__Work request__
When writing out the entries below, keep only the lines from the line with "Boeing 727 & Text Designed T-Shirts" to the line with "Silhouette of woman", both included, exactly as they are, and leave the pictures aside.

__Data section__
☆ ☆ ☆ ☆ ☆

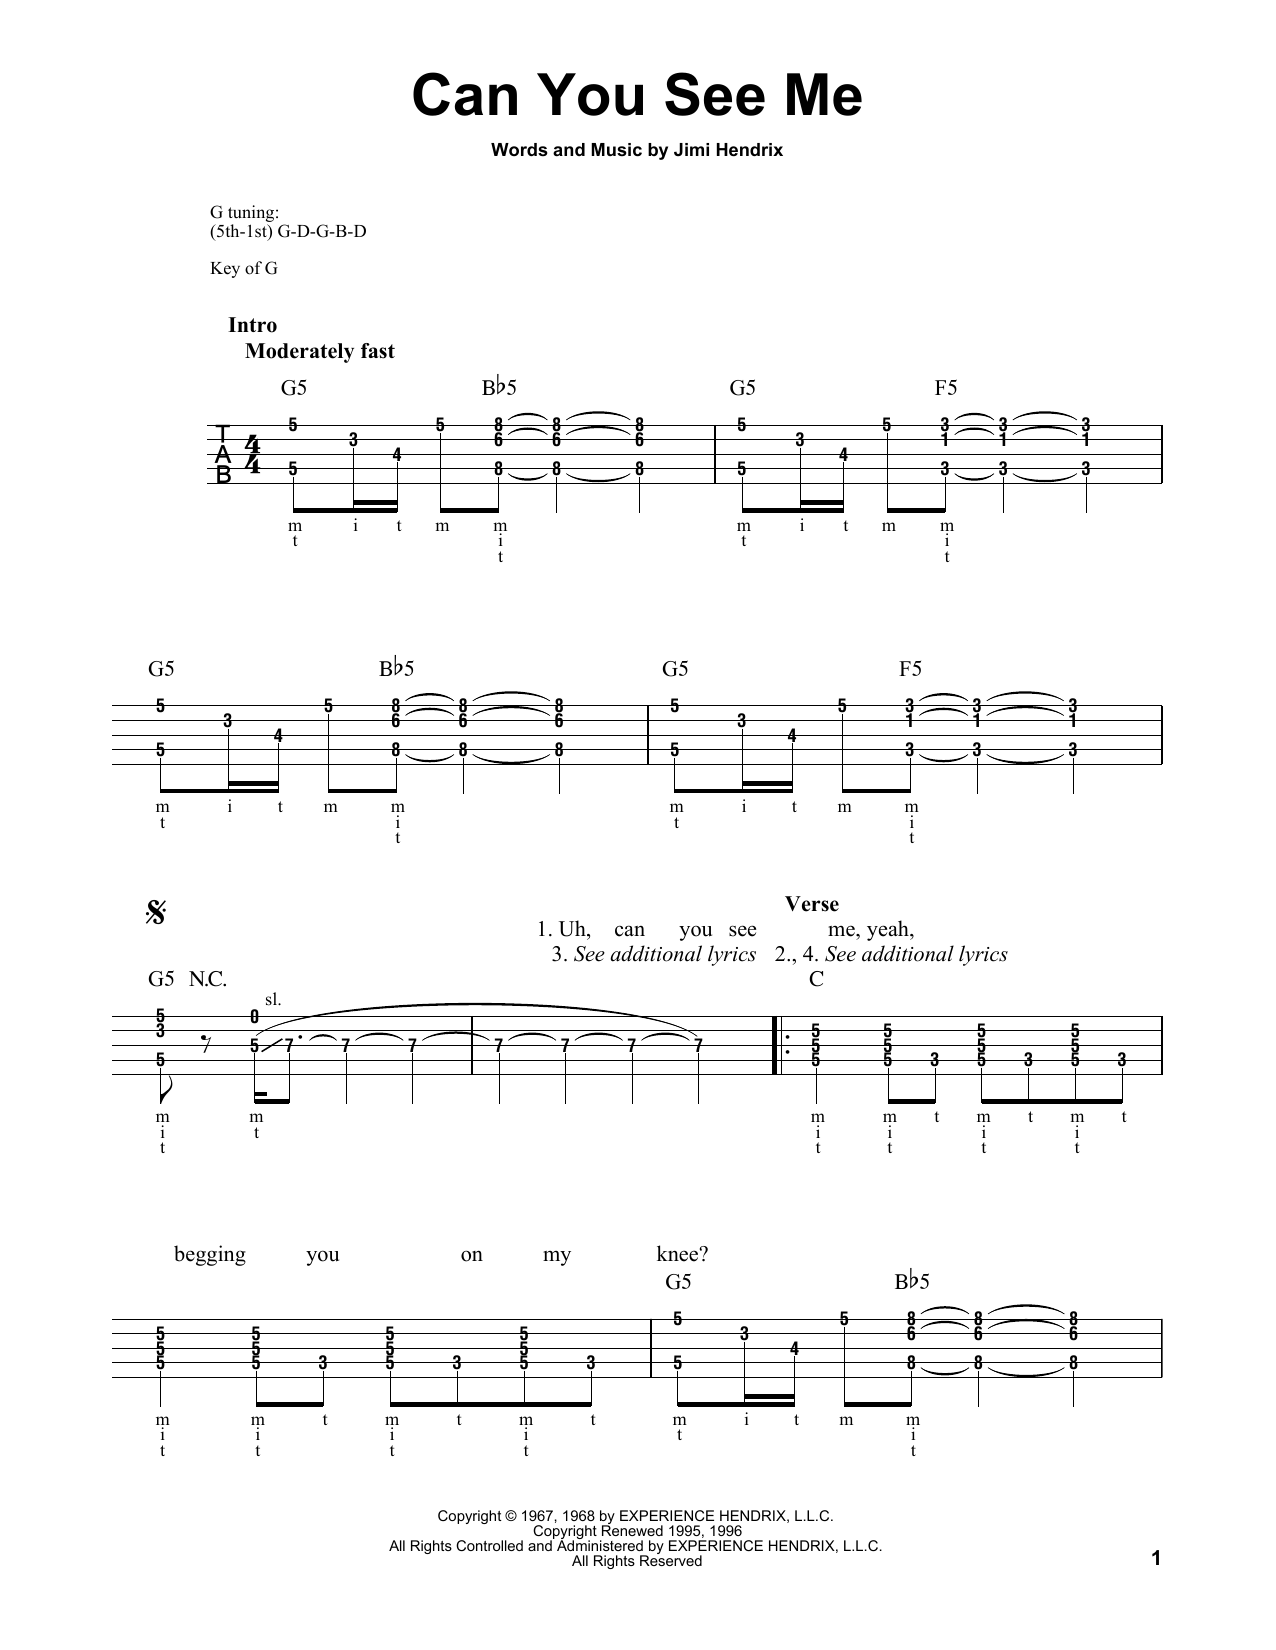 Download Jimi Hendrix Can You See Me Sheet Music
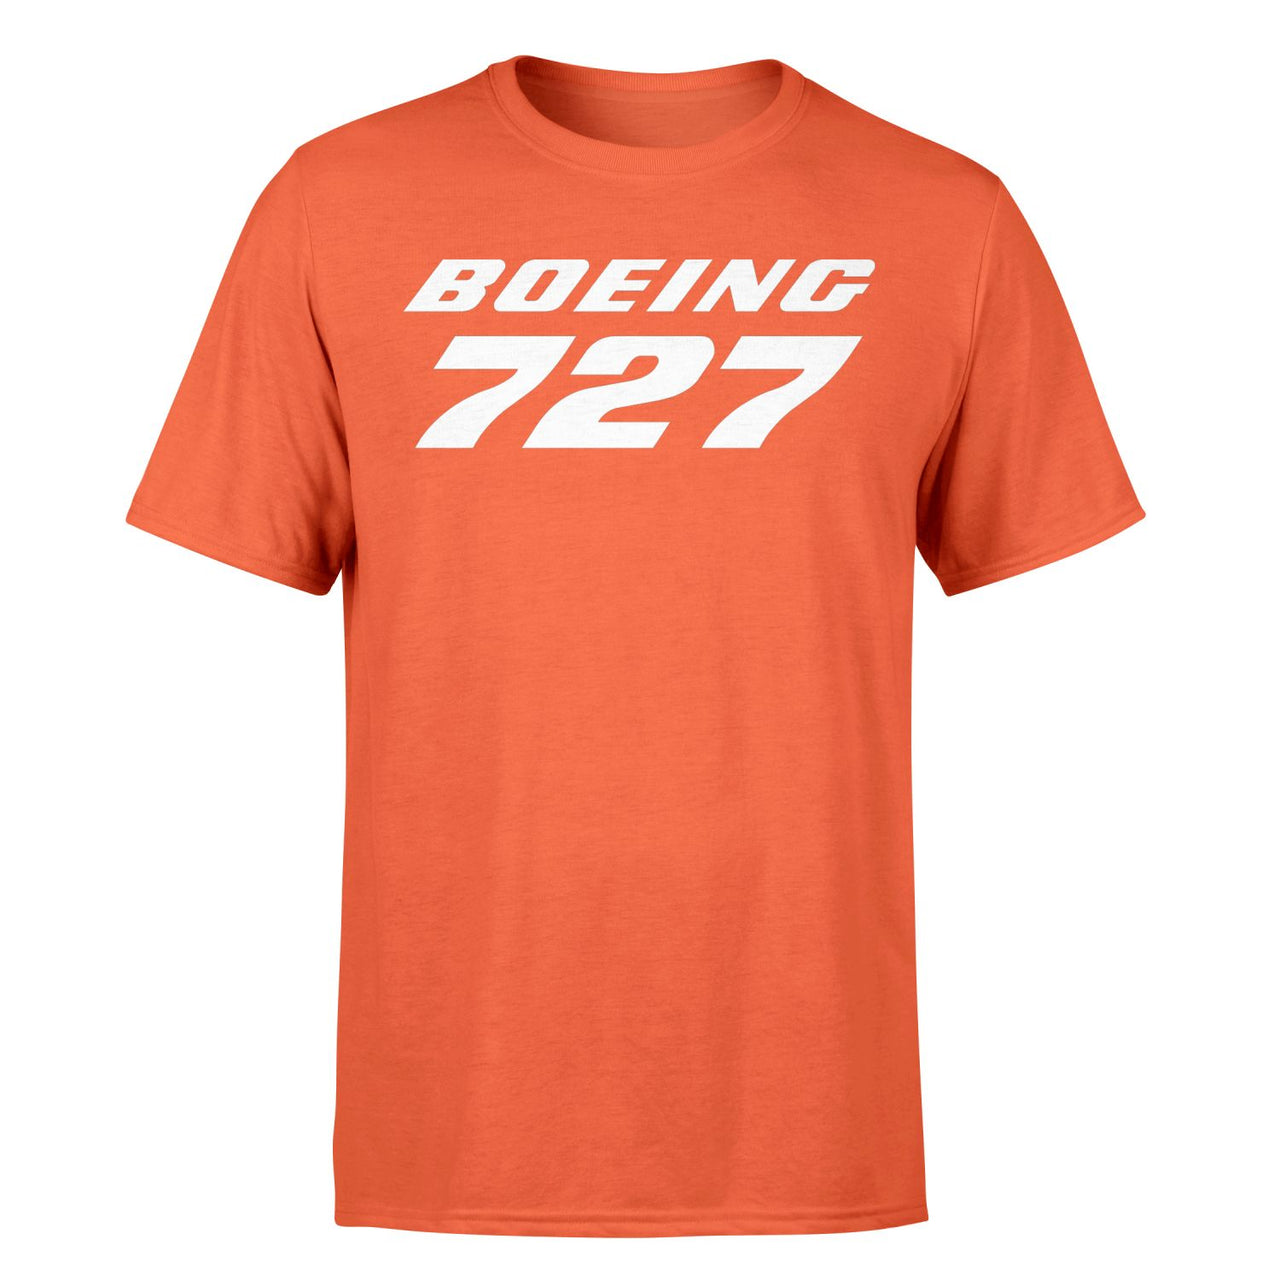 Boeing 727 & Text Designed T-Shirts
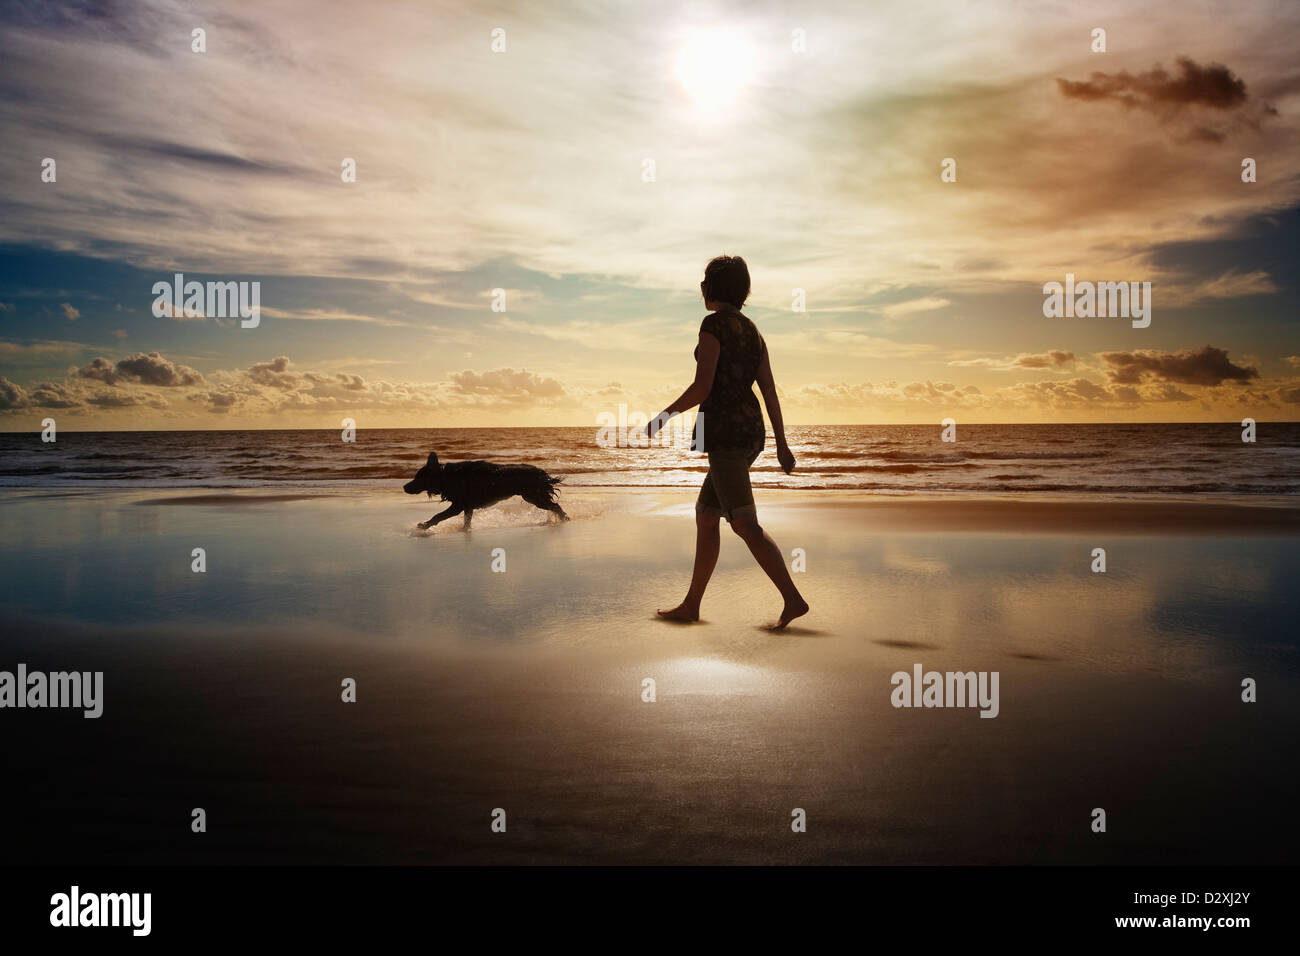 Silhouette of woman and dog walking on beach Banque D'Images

☆ ☆ ☆ ☆ ☆

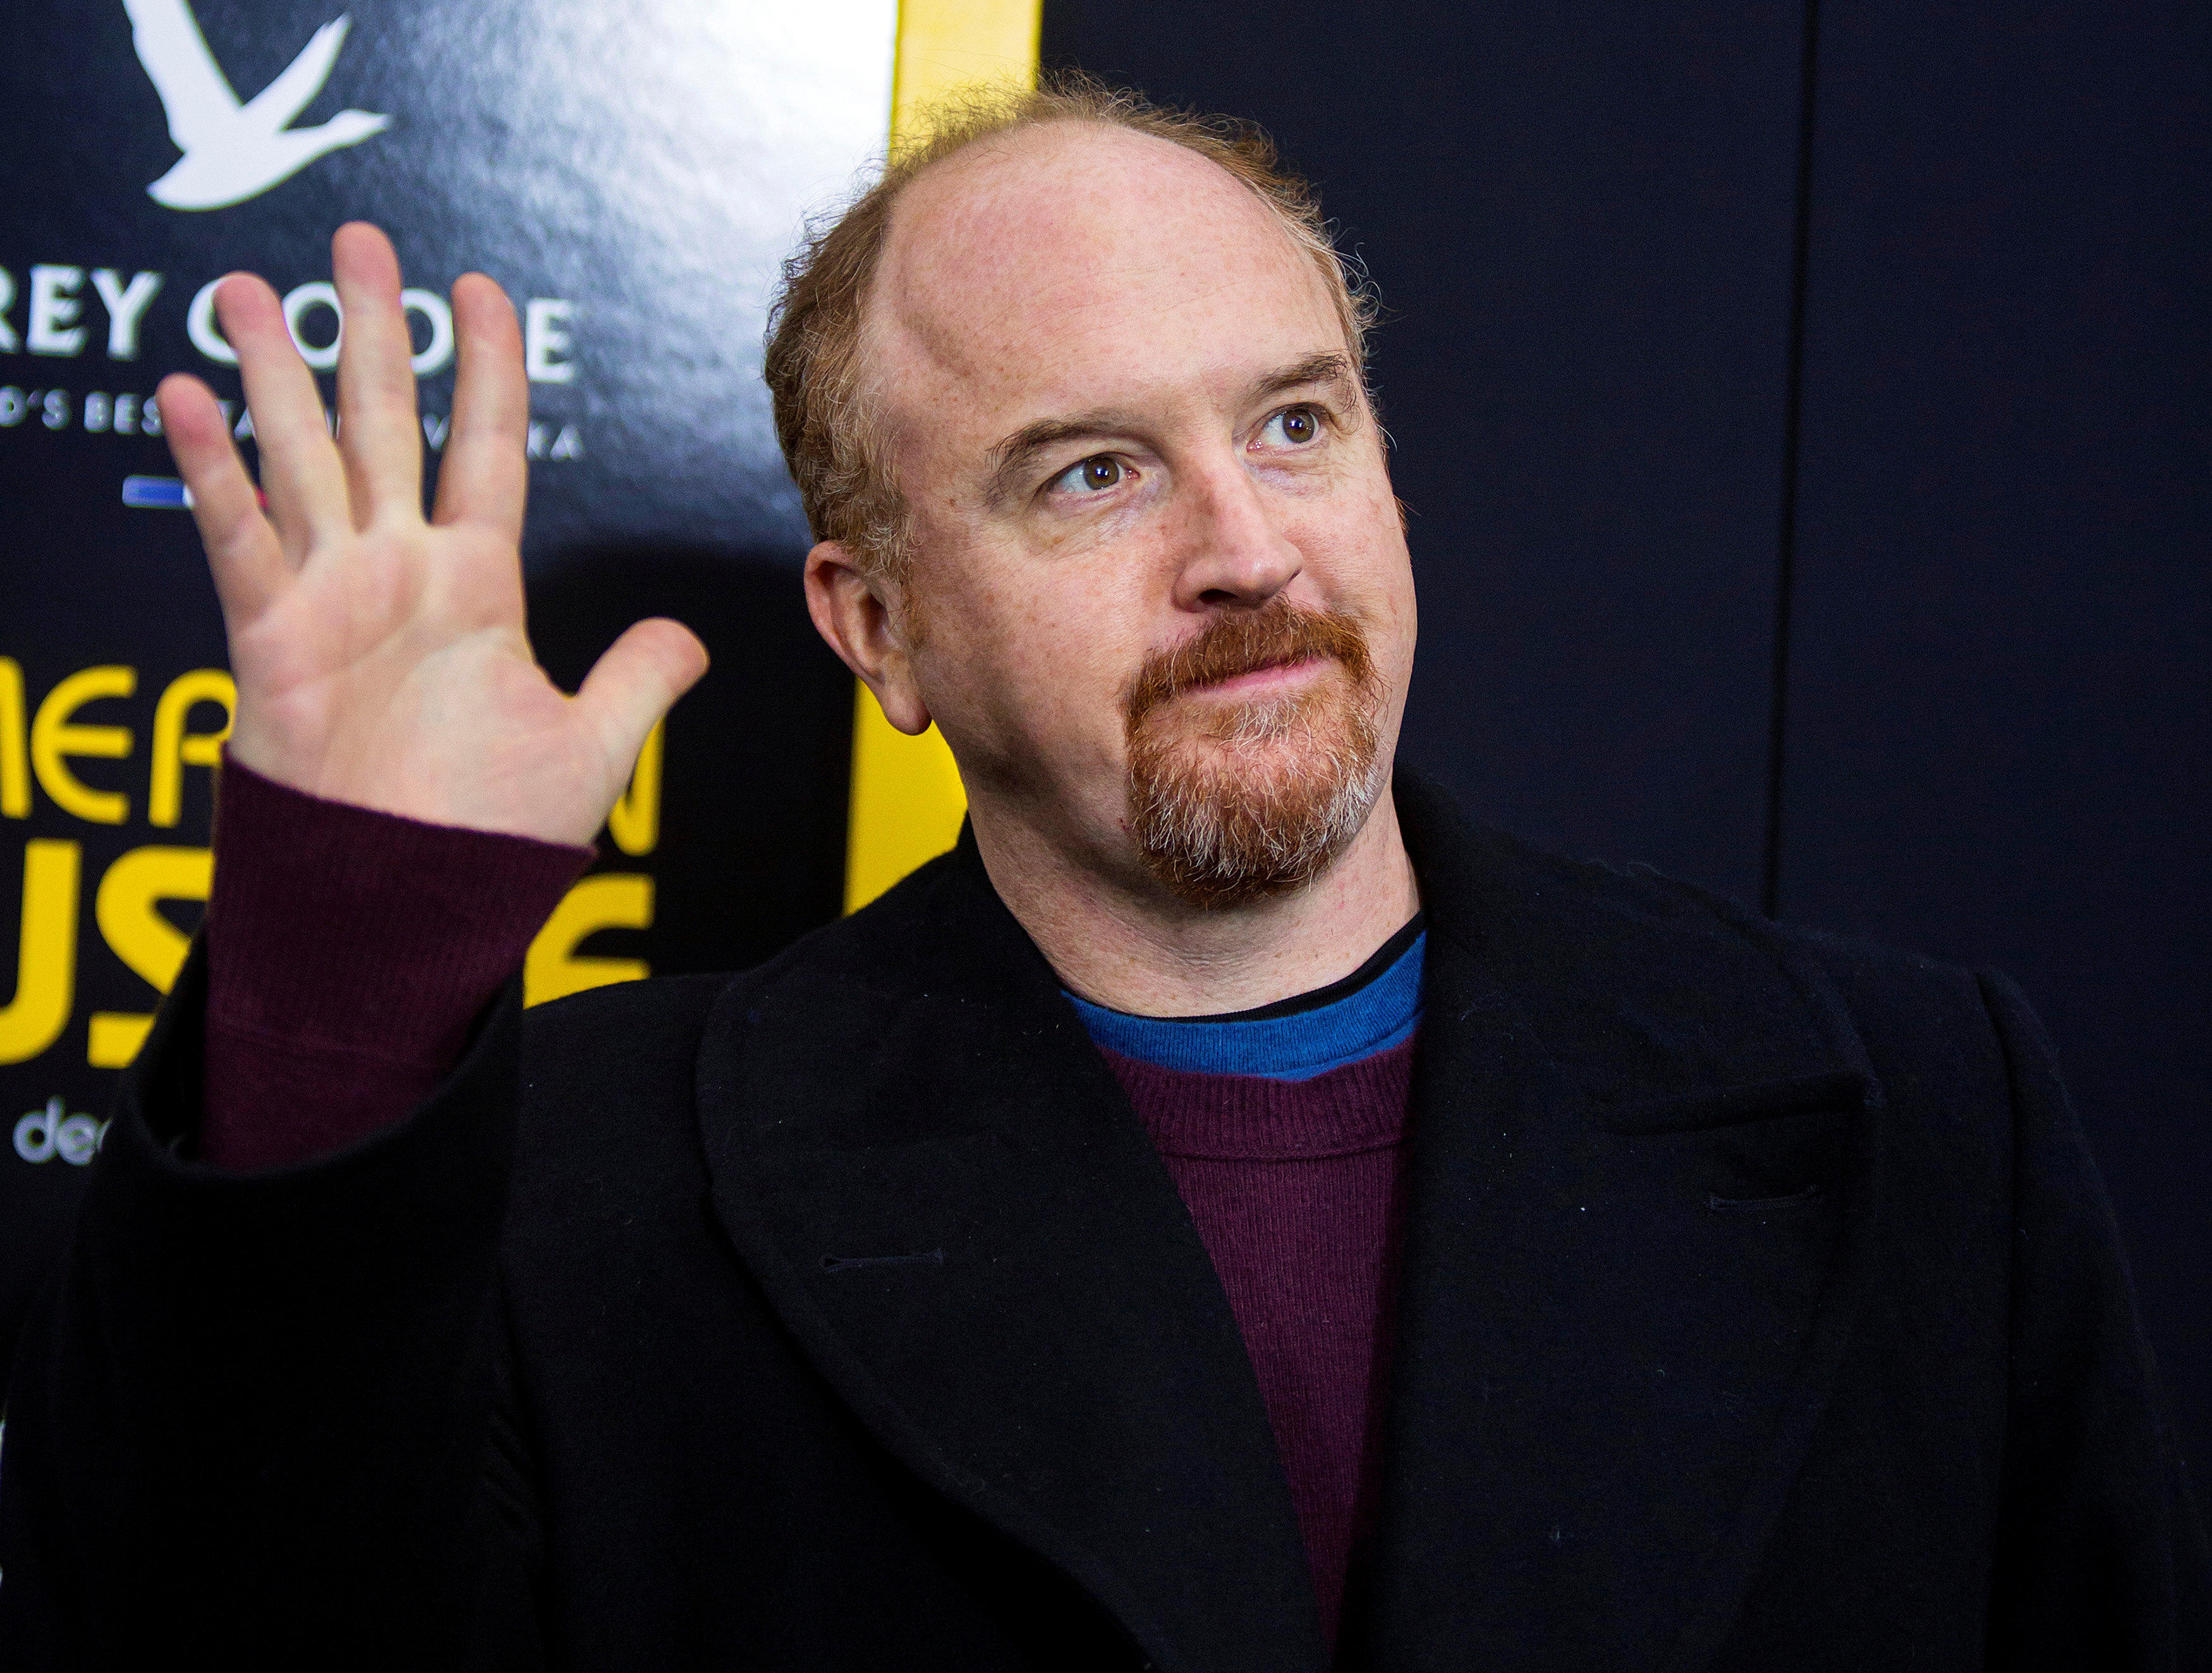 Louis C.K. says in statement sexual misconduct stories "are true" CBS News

☆ ☆ ☆ ☆ ☆

__Output of the exercise__
 Boeing 727 & Text Designed T-Shirts
 Silhouette of woman and dog walking on beach Banque D'Images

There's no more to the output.